Ich weiß auch nichts zu schreiben, der Druck, der auf uns liegt, ist zu groß, besonders seit den Terrorangriffen. Danach, sind die Nerven ja immer erledigt. Ich hatte nur zwei Kinder bei mir, drei, darunter Klaus, waren fort.

Nach dem Angriff polterte es auf der Treppe und Klaus, den ich bei Kameraden wähnte, kam voller Eifer an. Er hatte oben gelesen, sah die Bomberwelle in ziemlicher Tiefe ankommen, sah das Abschießen der Rauchzeichen und wie sie dann die Bomben ausklinkten. Er zeigte mir hinterher die

Richtung. Es war, wo in Godesberg die Masse der Bomben gefallen war. Angst hatte er nicht gehabt. Wir desto mehr, denn es krachte fürchterlich.

Von Dir habe ich vierzehn Tage nichts mehr gehört. Das letzte war die kurze Nachricht, dass Du nach W. bei Hannover kommst. Wir kriegen augenblicklich überhaupt keine Post von draußen. Der Zugverkehr ist auch erledigt.

Lisbeth muss höchstwahrscheinlich weg.
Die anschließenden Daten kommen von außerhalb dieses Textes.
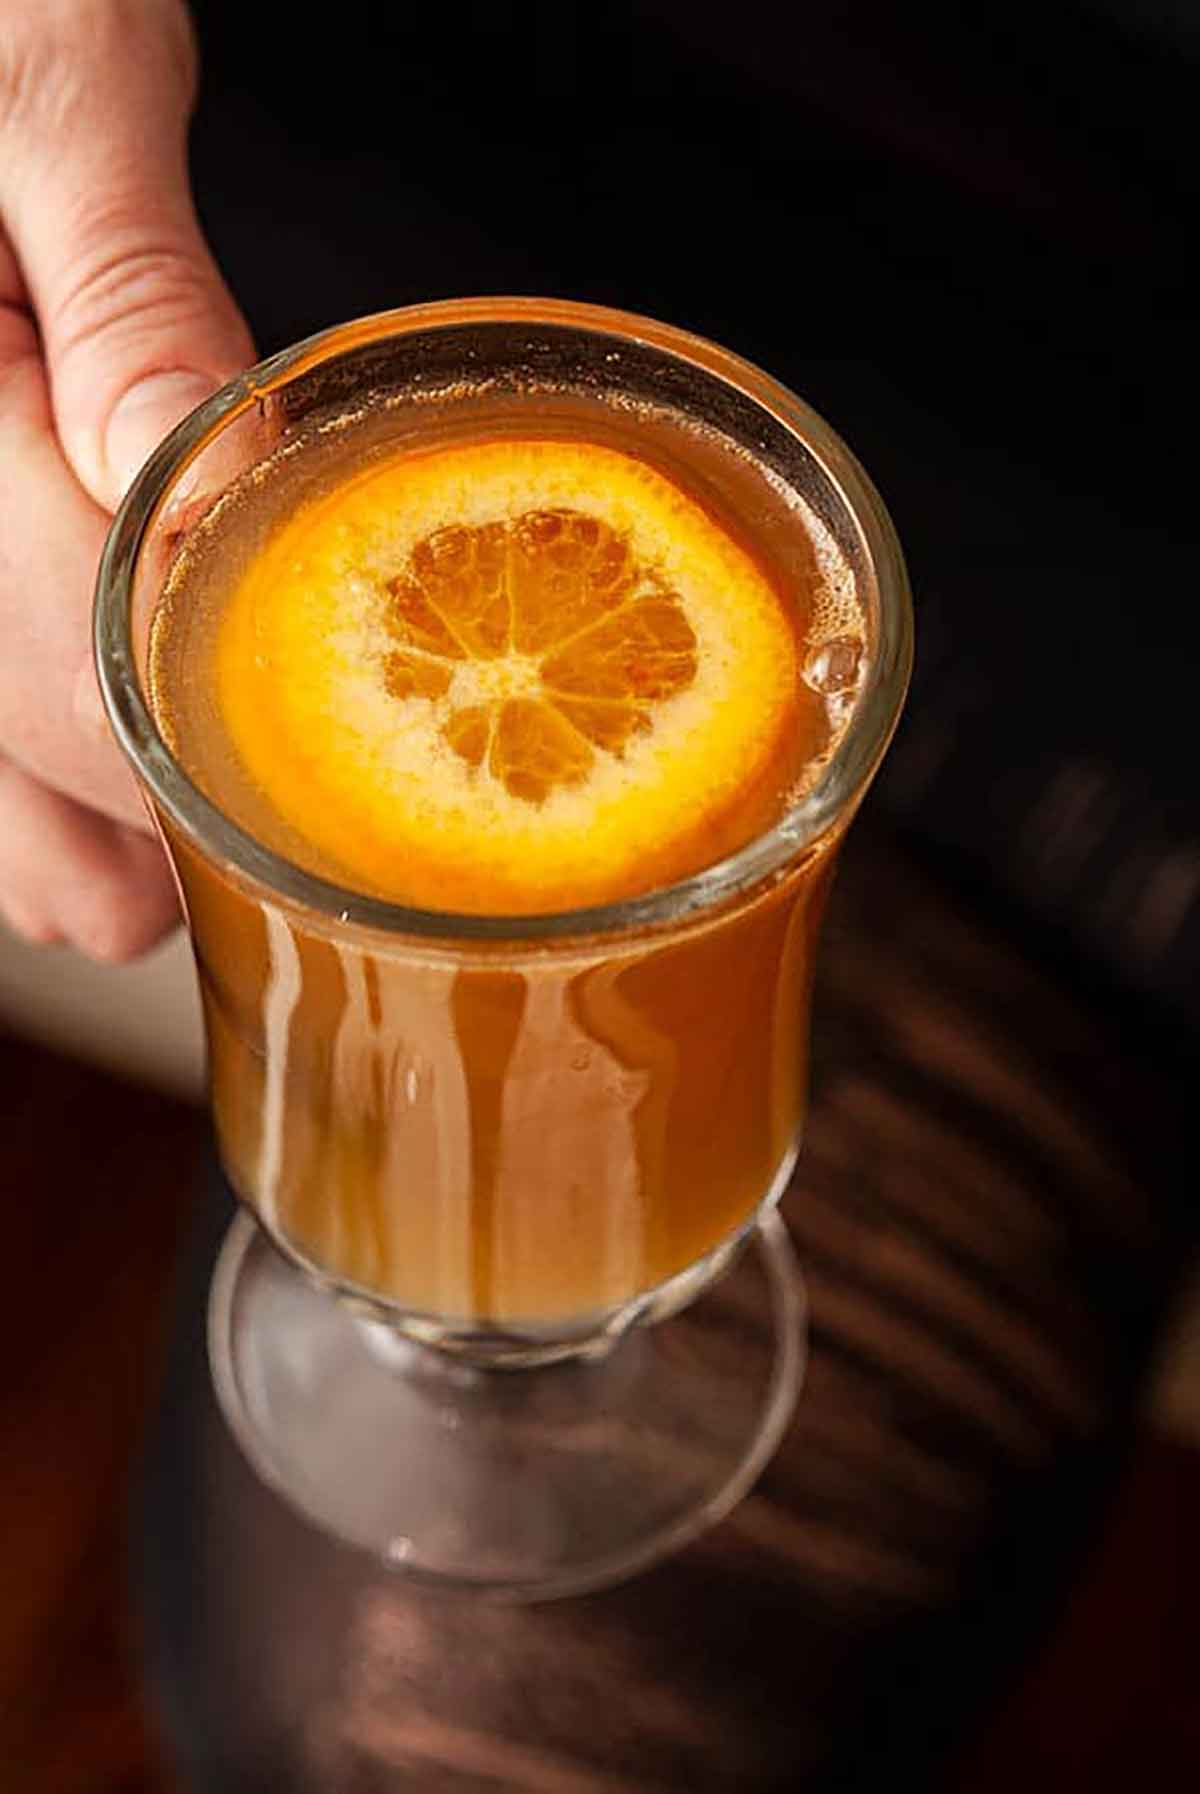 A hand holding a mug of cider whisky, garnished with a sliced orange.

Der R.A.D. zieht alle jungen Mädchen für Flakgeschütze und so ein. Reklamationen gibt’s nicht. Sie werden sogar aus den Rüstungsbetrieben geholt.

Ich ginge jetzt gerne mit den Kindern weg, wüsste ich nur wohin und wie.

Wenn wir erst in Massen wegmüssen, graut mir. Ich sehe das Flüchtlingselend jetzt täglich im Päda, das gestern tausend Bonner hatte, heute die Leute aus der Eifel, morgen wieder andere und so fort. Alle Klassen sind mit Stroh ausgelegt, und darauf liegen immer wieder neue Massen. Ich meine immer, wenn Du kommen könntest, Du würdest mir doch fort-helfen,

Wann werden wir uns wiedersehen? Hoffentlich bekommst Du den Brief, der ja nicht sehr freudig klingt, aber uns hier ist das Lachen vergangen.